Pretty much the coolest thing ever… 😎

60 comments to Pretty much the coolest thing ever

  • Mary Contrary

    Amen

  • JadedLibertarian

    Like a boss 😎

    Elon Musk displays a level of showmanship not seen since the time of Brunel.

  • Rob Fisher

    This is what it’s all about!

  • Bruce

    Think back to the classic 1940’s / 1950’s SF pulp-mags and B-Movies.

    They usually showed the “spaceship” landing just like that. See also the wonderful Wallace and Grommit epic, “A Grand Day Out”.

    When the “Eagle” landed on the moon, nearly half a century ago ago, it did exactly the same thing.

    Dropping the big Saturn 5 boosters into the ocean and letting the upper stage boosters burn up in the atmosphere was pretty much all they could do at the time. The Apollo on-board computers had about as much grunt as an early digital mobile phone and were considerably larger. Only five or so years before, ANALOGUE computers were the big thing in aerospace technology

  • JohnW

    Core landing failed – but 2/3 is very good!

  • Sam Duncan

    I knew it would be good, but god-dammit, that was awesome. And they made it look easy.

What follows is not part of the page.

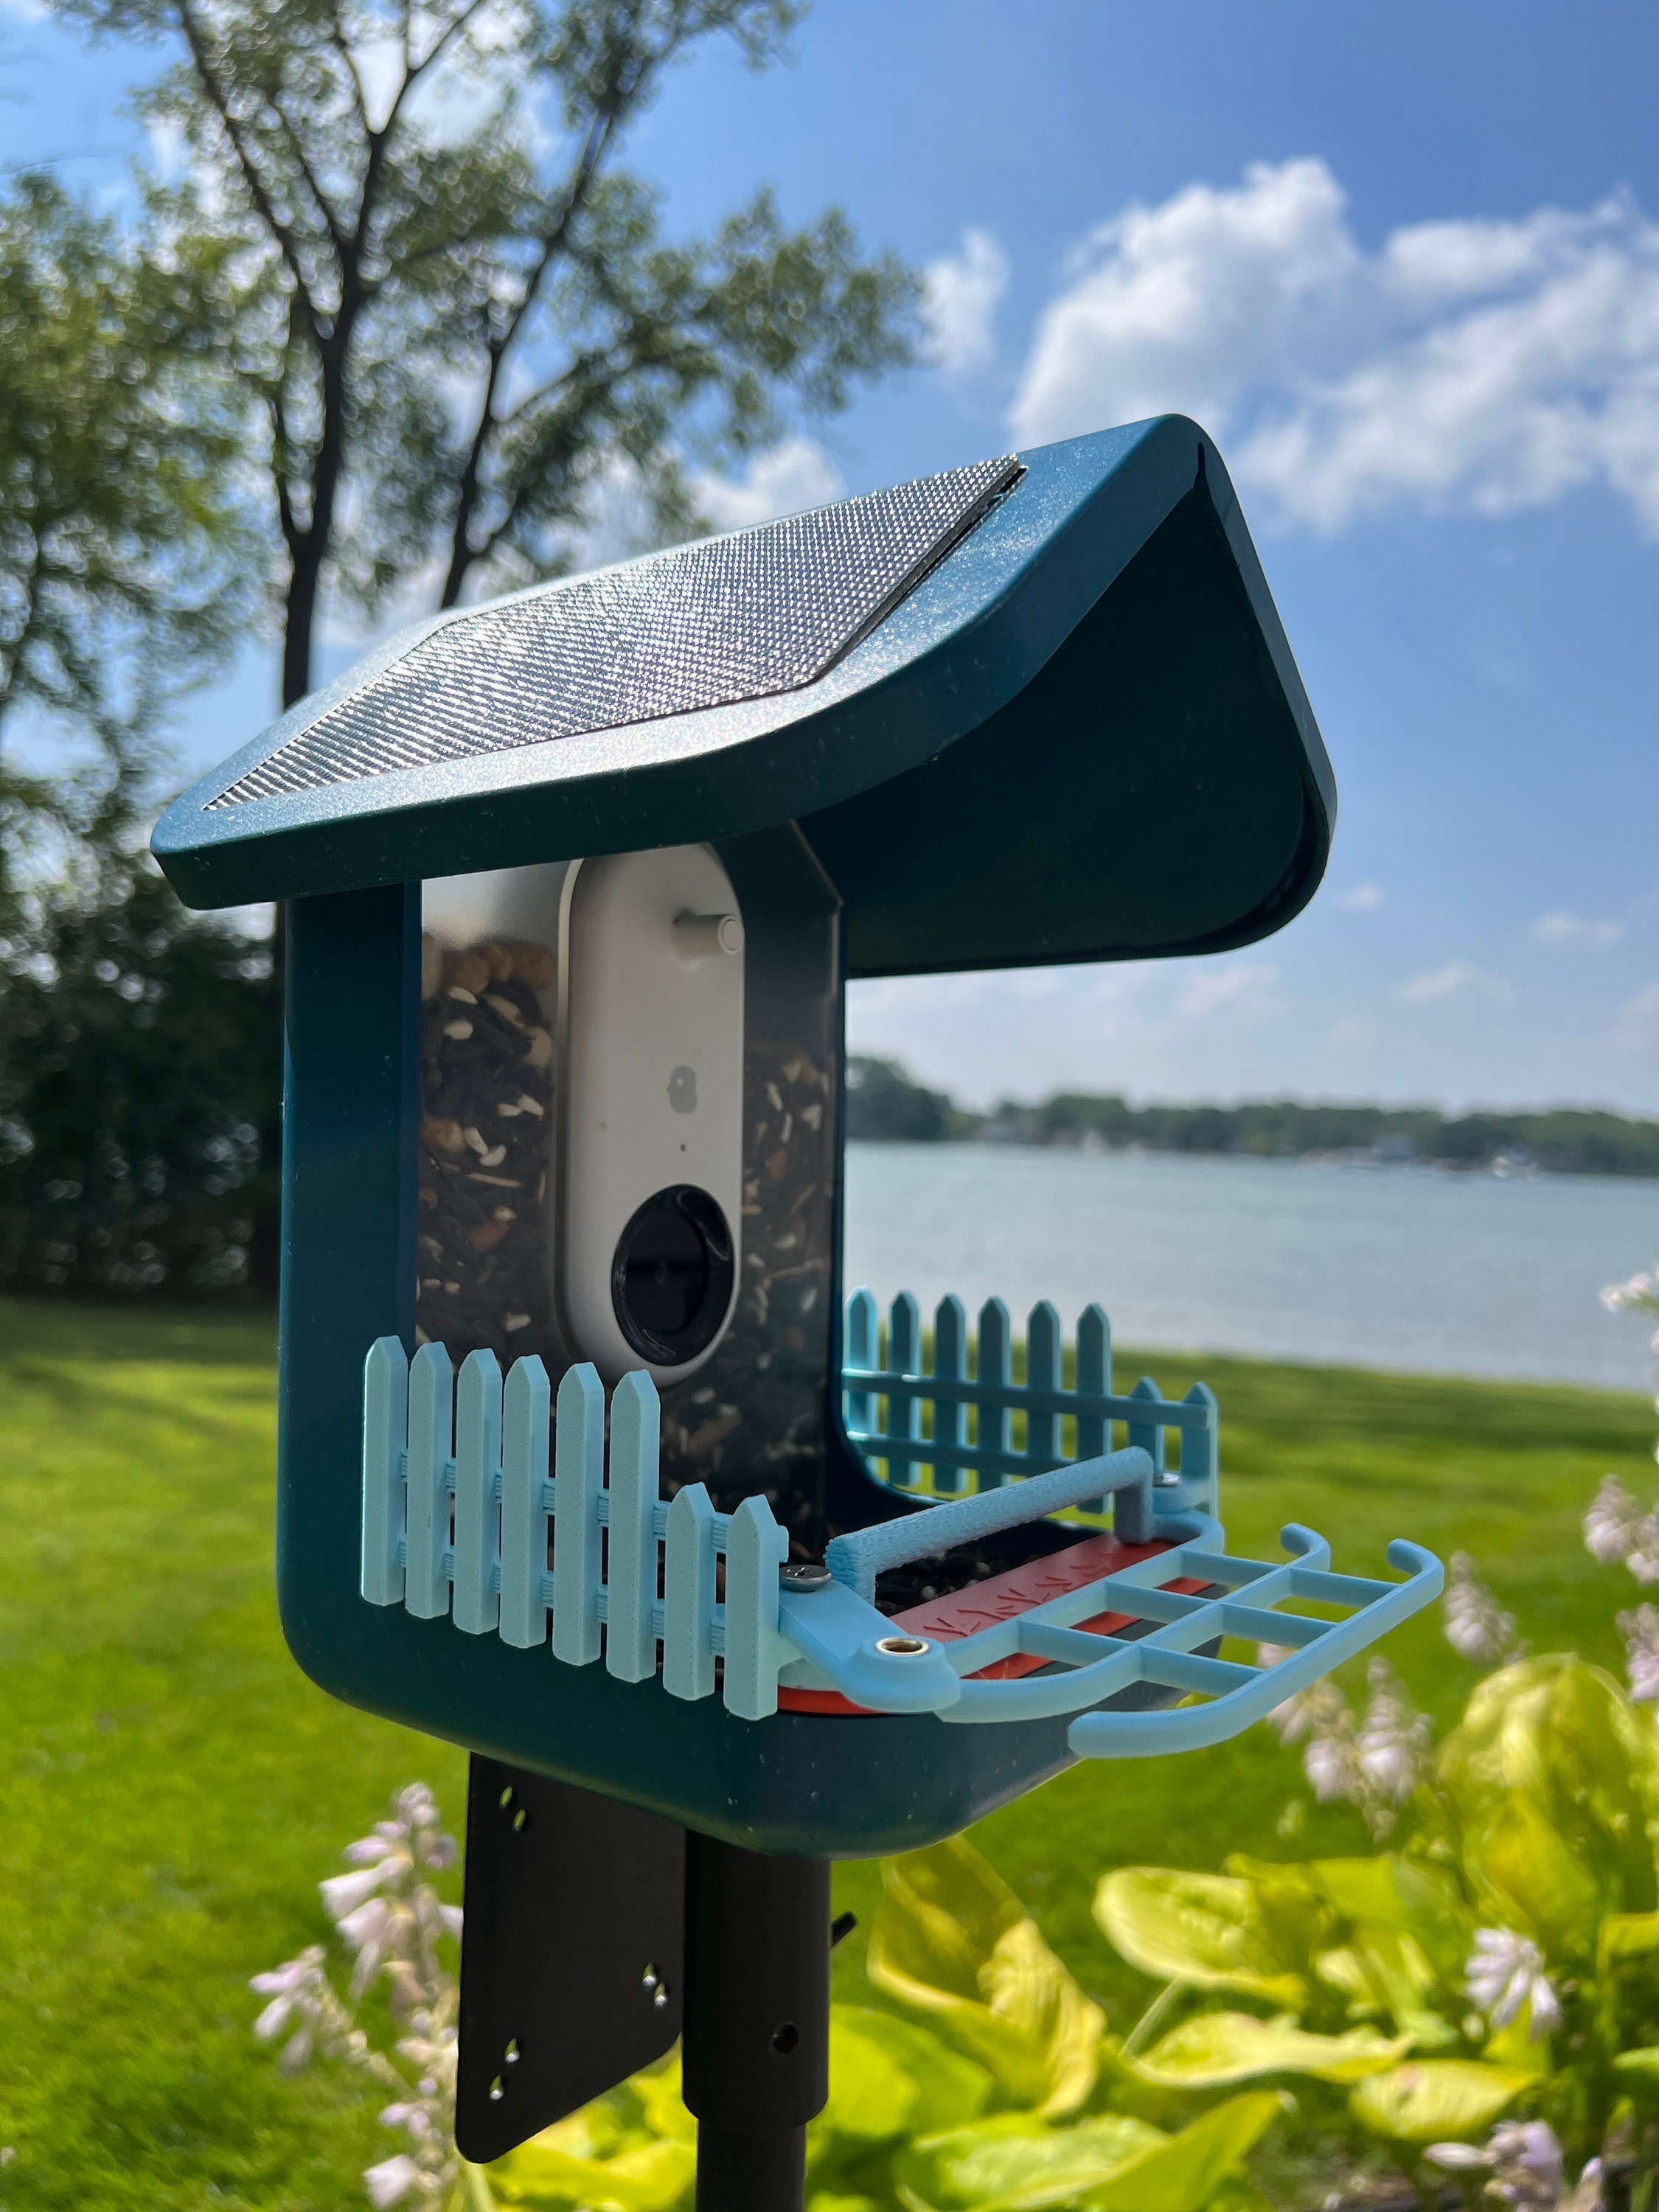 PIAOLGYI Extender for Bird Buddy Bird Feeder,Suet Ball Holder Extension  Accessories Compatible with Bird Buddy Birdfeeder

    Similarly, although rationally I know it must be true, it still comes as a bit of a shock to realise that, yes, Elon’s Tesla really is up there.

    This is the 21st Century I was promised. 😀

  • Nicholas (Unlicenced Joker) Gray

    How irresponsible! Rocket builders need repeat orders! I bet this reusible launcher puts some rocketsmiths out of a job! And what will all those NASAcrats do now? And this sort of thing might encourage little kiddies to want to be astronauts, and thus endanger their lives! Won’t someone think of the kiddies?

  • Eric

    I still think he should have sent up a Corvette, but this is pretty cool.

  • It does make a complete mockery of NASA’s new Space Launch System (SLS), especially the comparatives.

    The current estimate is that the SLS, which is still not flight ready will cost $1 billion a shot (double the 2012 estimate of $500 million), whereas with this one flight SpaceX have proven that they can deliver the same or better capability for around $90 million a shot.

    Competition in the space launch market is good, but with the small-to-medium sized launch market saturated and plenty of competition from private companies with SpaceX (Falcon9 and Falcon Heavy) and a good showing from Blue Origin (New Shepard, New Glenn) the SLS seems to be evolving into the white elephant that everyone (except NASA I presume) thought that it would be.

    Not only is it long past time for NASA to abandon the SLS, it should never have been commissioned in the first place.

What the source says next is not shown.